O discente indígena, Márcio Kaingang Katahn Manoel Antônio – natural de Cacique Doble -, do curso de Direito da Universidade Federal do Pampa (Unipampa), defendeu na quinta-feira, 26, seu Trabalho de Conclusão de Curso (TCC). Márcio Kaingang é o primeiro índígena a se formar no curso de Direito do Campus Santana do Livramento. No trabalho, intitulado “Práticas Penais na Comunidade Indígena Kaingang de Cacique Doble/RS”, ele analisa as práticas punitivas atualmente adotadas pelo povo a que pertence.
O trabalho foi orientado pelo professor Marcelo Mayora e vem sendo desenvolvido desde o começo da graduação do discente. Recebeu, em 2019, o prêmio de melhor trabalho das Ciências Sociais Aplicadas no 11° Salão Internacional de Ensino, Pesquisa e Extensão (Siepe).
Márcio Kaingang nasceu e cresceu na Terra Índigena Kaingang, no município de Cacique Doble, desde o final do ensino médio tinha desejo de cursar Direito. Também formado em magistério e Pedagogia, Márcio vê na nova graduação uma oportunidade de trabalhar em prol da sua comunidade. “Percebia a falta desse profissional na minha realidade local, sobretudo a pessoa que poderia defender os direitos indígenas na comunidade onde nasci”, relata.
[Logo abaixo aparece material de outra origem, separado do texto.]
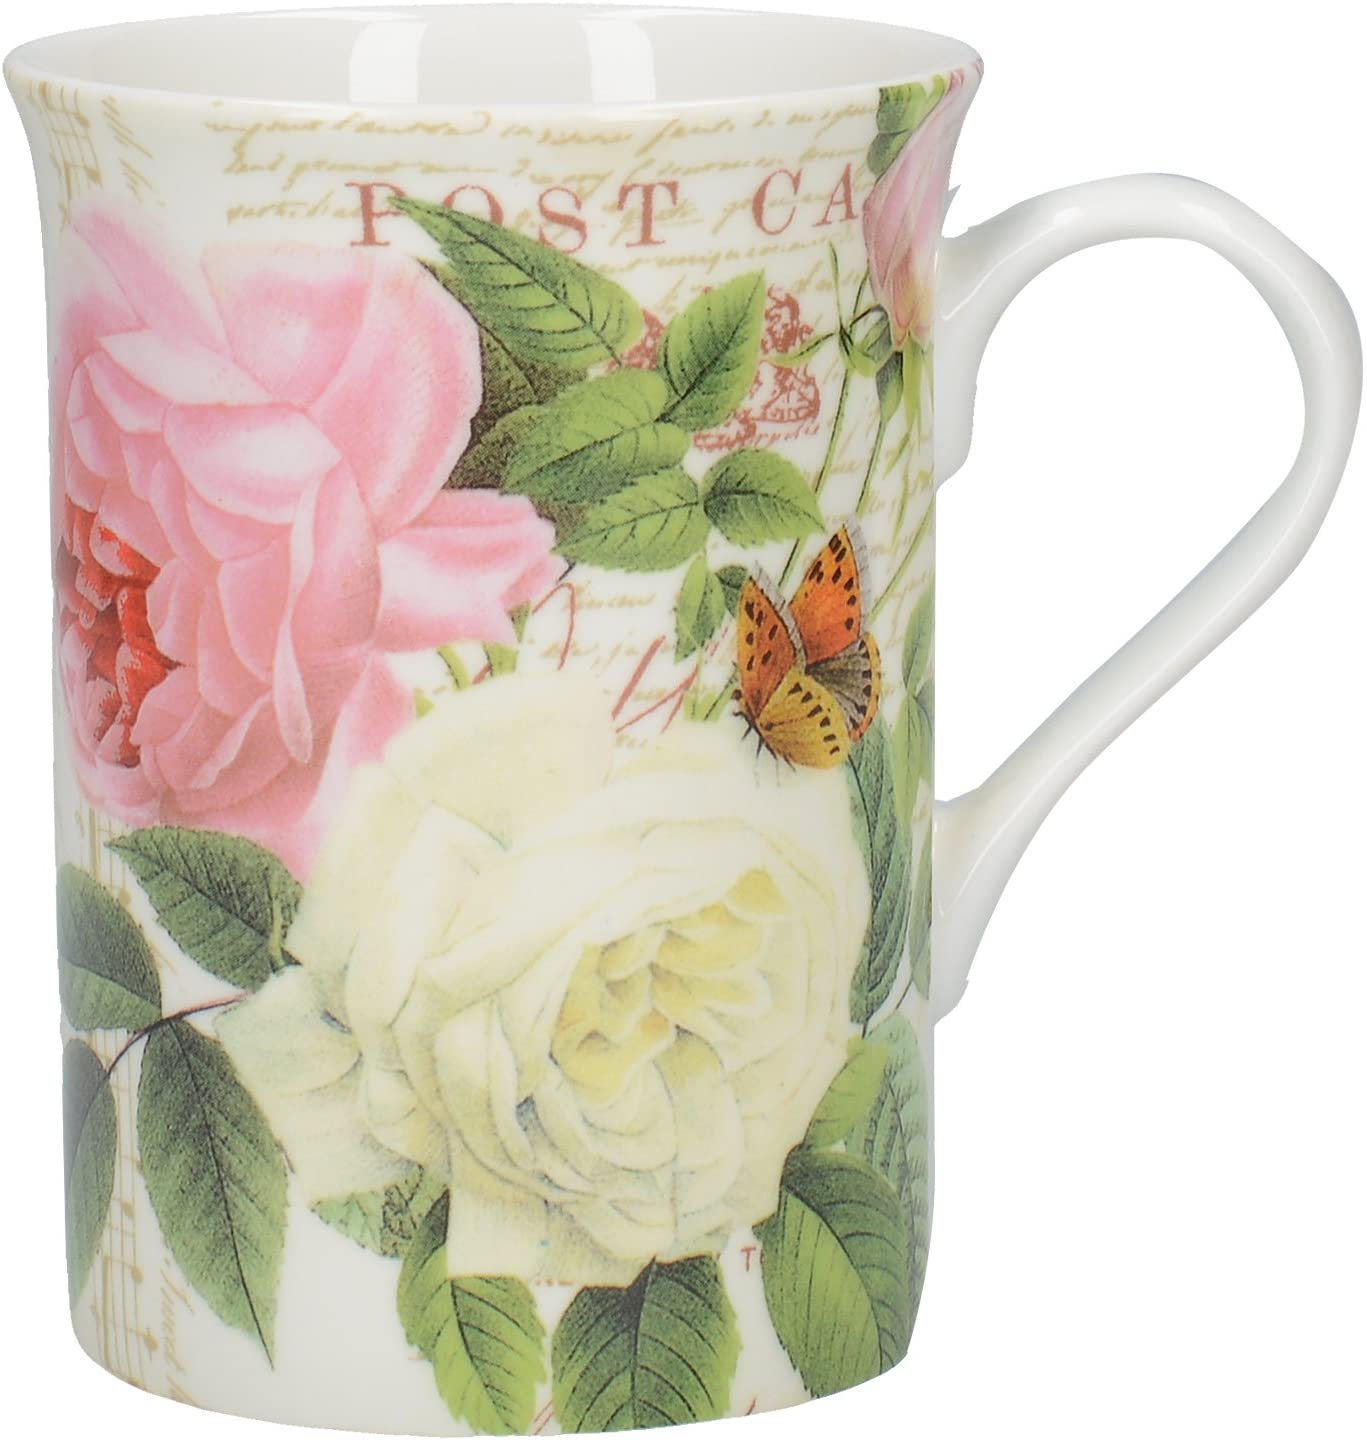 Creative Tops Rose Garden Fine Bone China Mug in Gift Box, 8 fl oz

Segundo ele, outro aspecto que o motivou foi a defesa dos direitos das demais etnias indígenas do Brasil.
A graduação na Unipampa também proporcionou a Márcio Kaingang experimentar diferentes formas de interação social e interculturalidade. A partir desses choques culturais, o estudante começou a refletir sobre as práticas penais estatais em relação às indígenas que, de acordo com Márcio, são pautadas pela ressocialização e penas alternativas ao encarceramento. “A pesquisa me fez compreender melhor a interpretação das leis que dão um amparo jurídico às práticas punitivas, a organização social, política e autonomia, no que compete às lideranças indígenas”, destaca.
De acordo com o professor Marcelo Mayora, a pesquisa colabora para o entendimento comparativo do sistema penal estatal e os sistemas penais dos povos indígenas no Brasil, em particular do povo Kaingang. “O trabalho dele, realizado a partir de um diálogo intercultural e do acolhimento de saberes, foi muito importante para nosso curso e para a Universidade Federal do Pampa”. O docente também destacou a relevância para a comunidade do discente na manutenção das suas práticas tradicionais de resolução de conflitos.
Além disso, como aponta Márcio Kaingang, o trabalho contribui para indicar caminhos e alternativas para a justiça penal estatal. “Penso que a pesquisa feita pode contribuir aos não indígenas nos estudos sobre a punição, no campo do direito penal e da criminologia, bem como da antropologia jurídica”, acrescenta o discente.
Dados da Pró-Reitoria de Graduação da Unipampa, apontam que, nos 15 anos da instituição, formaram-se 31 discentes indígenas nos diferentes cursos da Universidade. A Unipampa também possui ações afirmativas e o Processo Seletivo Específico para Indígenas Aldeados e Moradores remanescentes de Comunidades de Quilombos, que estimulam o ingresso e permanência de pessoas destas comunidades no ensino superior.